Наверное, только когда человек рождается или умирает, аппарат фиксирует событие помимо его воли, как неоспоримый факт, как запись в книге актов гражданского состояния. Вообще же фотографии знаменуют даты. Достижения. Остановки в пути. Они равно готовы запечатлеть естественные и вовсе неправдоподобные моменты: профессора математики с перевернутой шляпой в руке или абажур татуированной кожи над обеденным столом. А вот человек признается в дружбе, горячей, до гроба, дружбе и любви. Потом, потрясая этими снимками, он сможет утверждать: "Видите, какой я был! Как я его любил, как мы все их любили, как мы жали им руки!" В этих случаях с одного негатива делается несколько снимков. Теперь над свершившимся мнения бессильны: фотография — документ истории. Выхватывает объектив из жизни, чтобы сделать достоянием вечности, руку с оливковой ветвью, ногу в тяжелом башмаке со стальной стелечкой, лица — скорбные, радостные или равнодушные. В фас и в профиль. А на обороте или внизу, под фотографией, подпись, сообщающая, что снято, и не объясняющая для чего. Ведь люди, знакомые с письменностью, иначе говоря, умеющие читать, и так все поймут.
Возможно, Амауте следовало бы изобрести фотоаппарат, а он придумал способ делать подписи к снимкам.
— Да, еще один разговор у меня имеется. Я прошу не оказывать милости некоему Амауте Ханко-вальу в случае, если он обратится с просьбой, и в ближайший праздник сжечь его при большом стечении народа на площади.
Два солнца сошлись под высоким сводом овальных покоев во дворце правителя, два солнца, равные друг другу по сиянию и величию: племянник и дядя. Инка — отец народа и Верховный жрец — главный идеолог государства, и длинная их беседа уже подходила к концу. Они не часто встречались один на один, каждый предпочитал править сам в своей области, а в чужую епархию не вмешиваться. Они не часто встречались и потому, что не слишком стремились видеть друг друга: тесно двум солнцам под одной крышей. Но сегодня дела свели их вместе, и Святейший сам пришел к своему младшему родственнику и сам приказал удалиться слугам, что подчеркивало серьезность и конфиденциальность разговора. Инка насторожился при этом, но время шло, а высочайший диалог все скользил на поверхности многотемья, касаясь десятков вопросов и до сих пор ни один не ставя ребром.

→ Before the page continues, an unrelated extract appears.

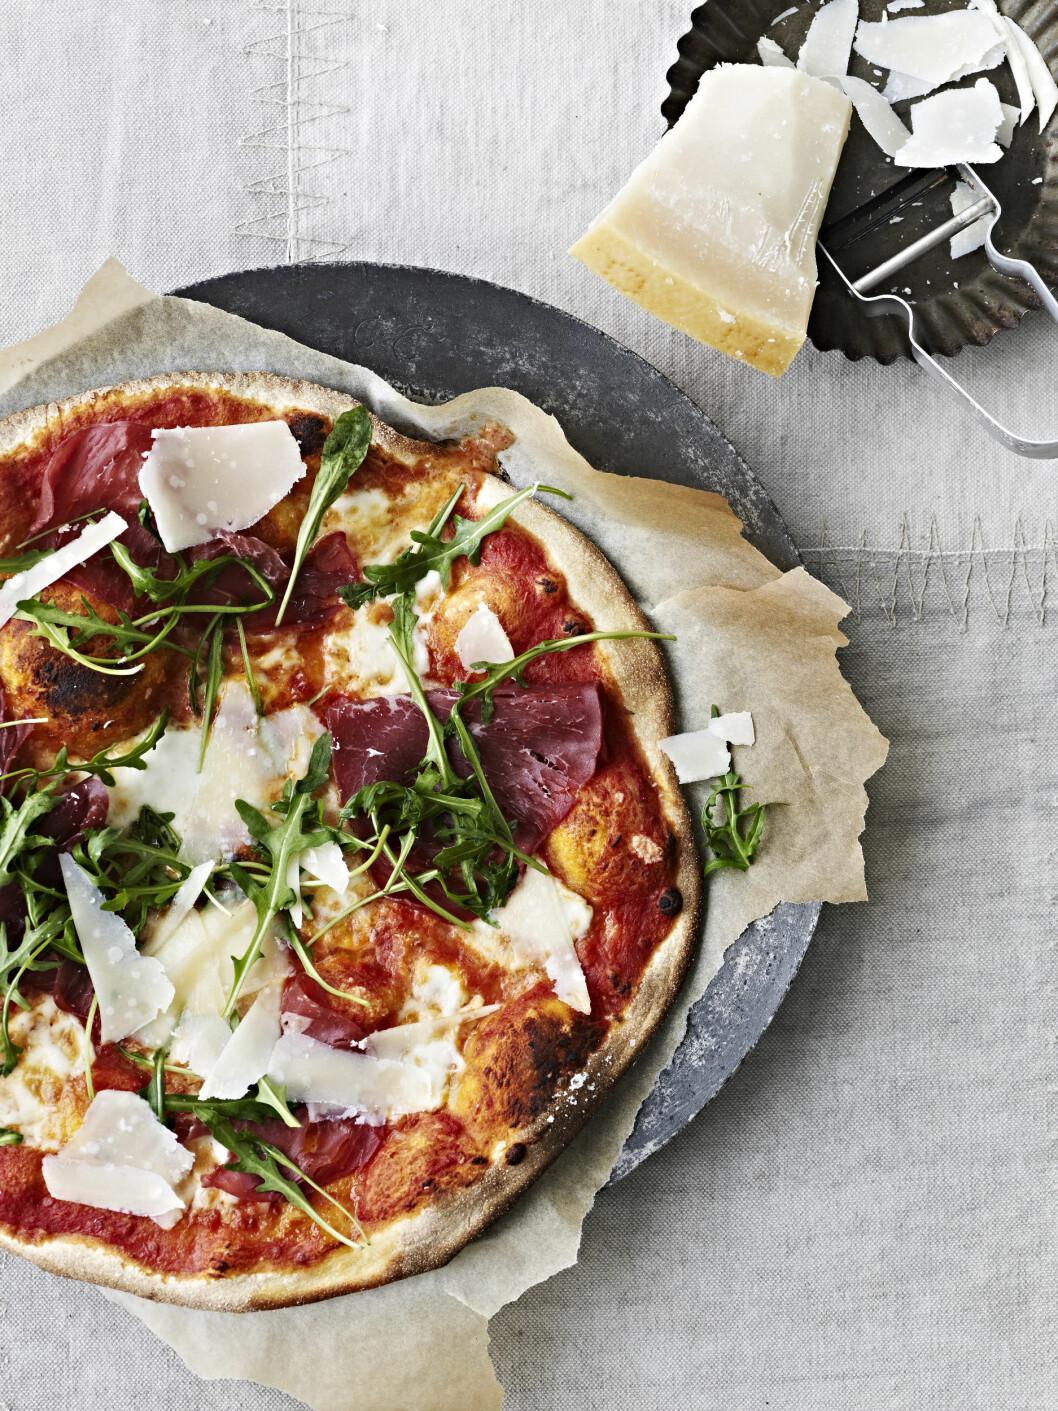 TORSDAGSPIZZA: Denne spennende pizzaen vil være til glede for hele familien!  Foto: All Over Press

— Почему? Он ваш личный враг, Святейший? Я не увидел в этом изобретении ничего опасного для религии и государства. К тому же в знаках-буквах что-то рациональное есть.
— Инке известно, в чем заключается изобретение?
— Я буду рад услышать об этом еще раз.
— Амаута нашел способ фиксирования, хранения, передачи и распространения информации.
— Вас это пугает?
— Не понял, — застыл Святейший.
— Пусть так: чем вам не нравится это изобретение?
— Он не первый додумался до письменности, — сказал Святейший.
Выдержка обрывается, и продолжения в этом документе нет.